The more refined this process is, the more successful it becomes in determining the cause. Possibilities of models that have not been discovered still exist and this is normally characterized in events that lead to the discovery of new diseases and pathogens. In essence, we see a process where scientific method is used to discover new problems in the course of resolving others. The complexity of such diagnosis methodologies can preempt proper treatment when a set of symptoms can be linked to a wider variety of ailments or syndromes.
In ecological research, hypotheses are often evaluated through statistical methods.

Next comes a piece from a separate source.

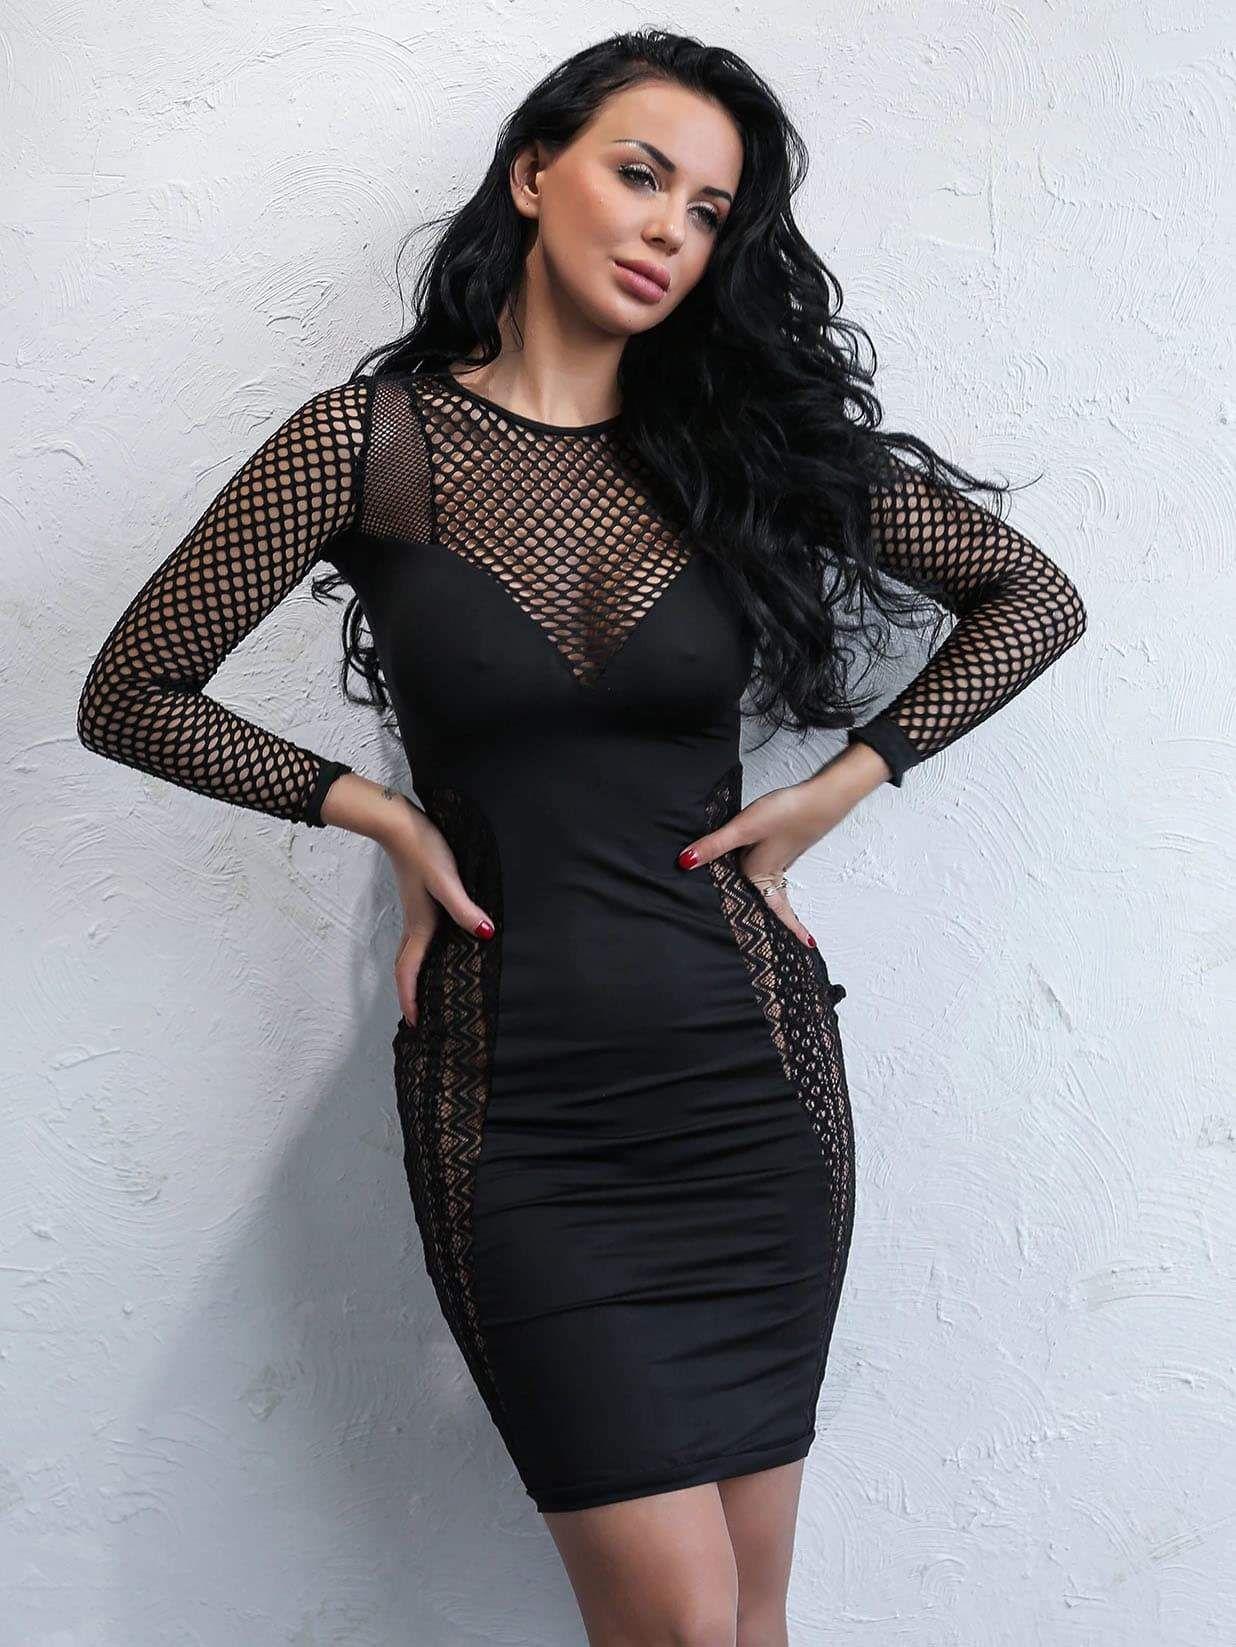 00c7d03ba5d5a Joyfunear Mesh Panel Lace Trim Bodycon Dress in 2019   Wish ...
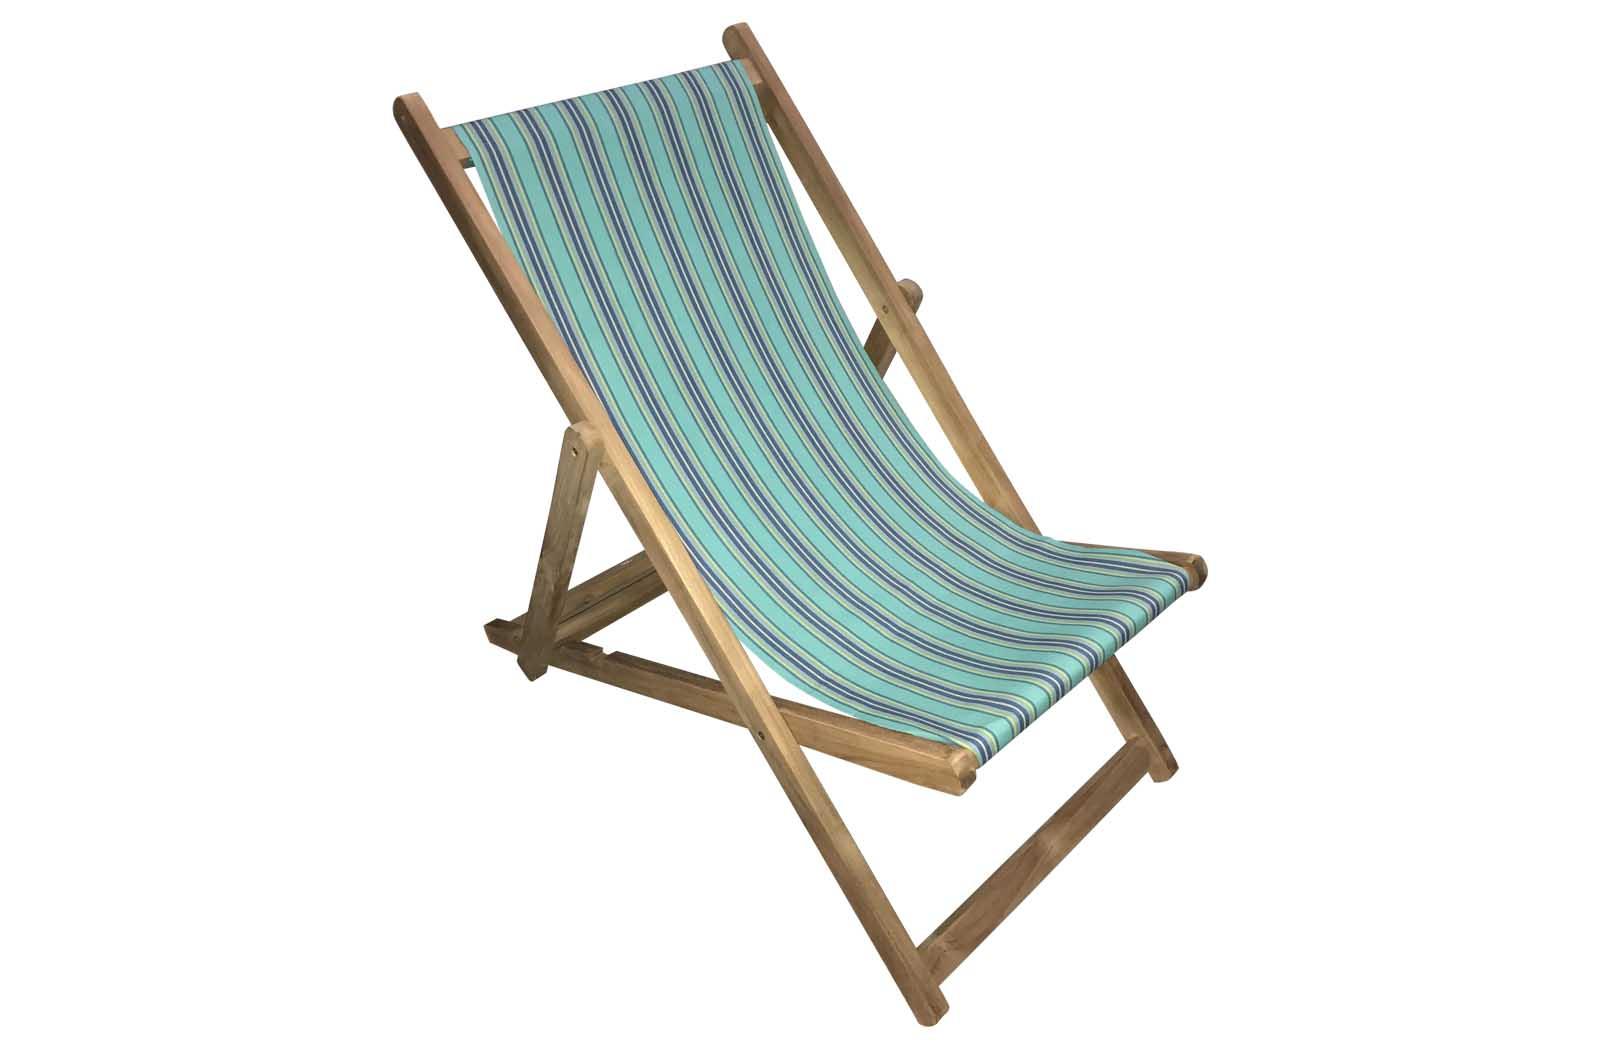 Turquoise Deckchair Canvas Striped Deck Chair Fabrics

Statistical methods make use of probabilistic and inductive reasoning methods to base their arguments. The numerical evidence to support a hypothesis is often confined to a set of queries which emanate from presumptions about the model that can be used to test the hypothesis (Hobbs & Hilborn, 2006).
It can thus be shown that to a large extent that the enormous set of possible variables that pertain to all phenomena in the natural sciences may inhibit proper applicability of the scientific method in developing a sound understanding of these topics. Uncertainty hence provides a useful device for continually eliminating the margins of error that exist in current scientific knowledge.
Gendron, R.P. (n.d.) Observation and Hypothesis Testing In Ecology. Web.
Hobbs, N.T. & Hilborn, R. (2006) ‘Alternatives to Statistical Hypothesis Testing In Ecology: A Guide to Self Teaching.’ Ecological Applications 16(1), 5-19. Web.
Stanford Encyclopedia of Philosophy. (2007). Roger Bacon. Web.